Please reproduce, exactly and with nothing added, the line containing "幸せは、独り占めするにつれて減り、分け与えるにつれて増えていく。 | 幸せな気分になる30の方法" and every line after it to the end of the records.

Collection entries:
+--

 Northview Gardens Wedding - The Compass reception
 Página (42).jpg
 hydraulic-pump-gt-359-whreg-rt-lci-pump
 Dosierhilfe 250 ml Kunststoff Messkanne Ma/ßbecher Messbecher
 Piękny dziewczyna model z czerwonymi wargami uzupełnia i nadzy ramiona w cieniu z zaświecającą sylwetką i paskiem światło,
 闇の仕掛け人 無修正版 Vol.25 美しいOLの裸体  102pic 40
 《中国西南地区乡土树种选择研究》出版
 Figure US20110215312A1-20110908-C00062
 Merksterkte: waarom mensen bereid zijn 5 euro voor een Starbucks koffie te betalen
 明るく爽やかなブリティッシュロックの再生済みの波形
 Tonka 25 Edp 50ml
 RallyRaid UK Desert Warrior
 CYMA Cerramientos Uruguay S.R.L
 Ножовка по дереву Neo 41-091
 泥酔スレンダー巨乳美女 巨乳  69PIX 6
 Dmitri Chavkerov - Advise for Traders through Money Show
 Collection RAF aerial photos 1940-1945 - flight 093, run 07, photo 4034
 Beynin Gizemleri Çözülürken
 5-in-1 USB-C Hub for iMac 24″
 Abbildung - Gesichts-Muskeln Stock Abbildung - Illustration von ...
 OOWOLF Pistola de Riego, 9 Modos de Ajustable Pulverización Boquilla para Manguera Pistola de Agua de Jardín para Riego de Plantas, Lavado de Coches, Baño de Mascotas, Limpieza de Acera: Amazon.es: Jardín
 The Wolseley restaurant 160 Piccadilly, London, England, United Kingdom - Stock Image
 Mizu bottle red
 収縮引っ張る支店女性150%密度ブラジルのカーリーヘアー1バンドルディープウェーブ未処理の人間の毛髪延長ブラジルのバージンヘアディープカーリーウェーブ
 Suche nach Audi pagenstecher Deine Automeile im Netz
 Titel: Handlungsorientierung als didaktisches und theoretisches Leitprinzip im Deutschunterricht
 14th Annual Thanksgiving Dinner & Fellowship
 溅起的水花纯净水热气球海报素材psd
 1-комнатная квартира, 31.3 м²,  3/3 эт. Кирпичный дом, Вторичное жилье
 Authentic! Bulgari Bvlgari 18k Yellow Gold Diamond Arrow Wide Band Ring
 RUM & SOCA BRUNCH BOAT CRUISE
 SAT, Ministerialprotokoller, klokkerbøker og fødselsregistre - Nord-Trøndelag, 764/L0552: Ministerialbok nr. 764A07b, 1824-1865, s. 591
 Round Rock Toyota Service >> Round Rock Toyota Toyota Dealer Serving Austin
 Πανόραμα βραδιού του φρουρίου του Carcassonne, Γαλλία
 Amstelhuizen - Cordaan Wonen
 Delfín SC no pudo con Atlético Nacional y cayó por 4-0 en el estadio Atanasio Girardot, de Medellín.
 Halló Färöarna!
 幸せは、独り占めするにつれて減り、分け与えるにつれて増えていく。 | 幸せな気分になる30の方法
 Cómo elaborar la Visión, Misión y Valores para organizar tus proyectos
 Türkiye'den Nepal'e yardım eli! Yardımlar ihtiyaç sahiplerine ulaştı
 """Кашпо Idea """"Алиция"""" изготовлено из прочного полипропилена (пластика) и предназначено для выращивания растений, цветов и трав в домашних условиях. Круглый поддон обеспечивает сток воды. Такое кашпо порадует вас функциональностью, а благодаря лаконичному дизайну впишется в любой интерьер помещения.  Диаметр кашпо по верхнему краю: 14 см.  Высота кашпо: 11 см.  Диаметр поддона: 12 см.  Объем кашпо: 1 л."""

+--

Task answer:
 幸せは、独り占めするにつれて減り、分け与えるにつれて増えていく。 | 幸せな気分になる30の方法
 Cómo elaborar la Visión, Misión y Valores para organizar tus proyectos
 Türkiye'den Nepal'e yardım eli! Yardımlar ihtiyaç sahiplerine ulaştı
 """Кашпо Idea """"Алиция"""" изготовлено из прочного полипропилена (пластика) и предназначено для выращивания растений, цветов и трав в домашних условиях. Круглый поддон обеспечивает сток воды. Такое кашпо порадует вас функциональностью, а благодаря лаконичному дизайну впишется в любой интерьер помещения.  Диаметр кашпо по верхнему краю: 14 см.  Высота кашпо: 11 см.  Диаметр поддона: 12 см.  Объем кашпо: 1 л."""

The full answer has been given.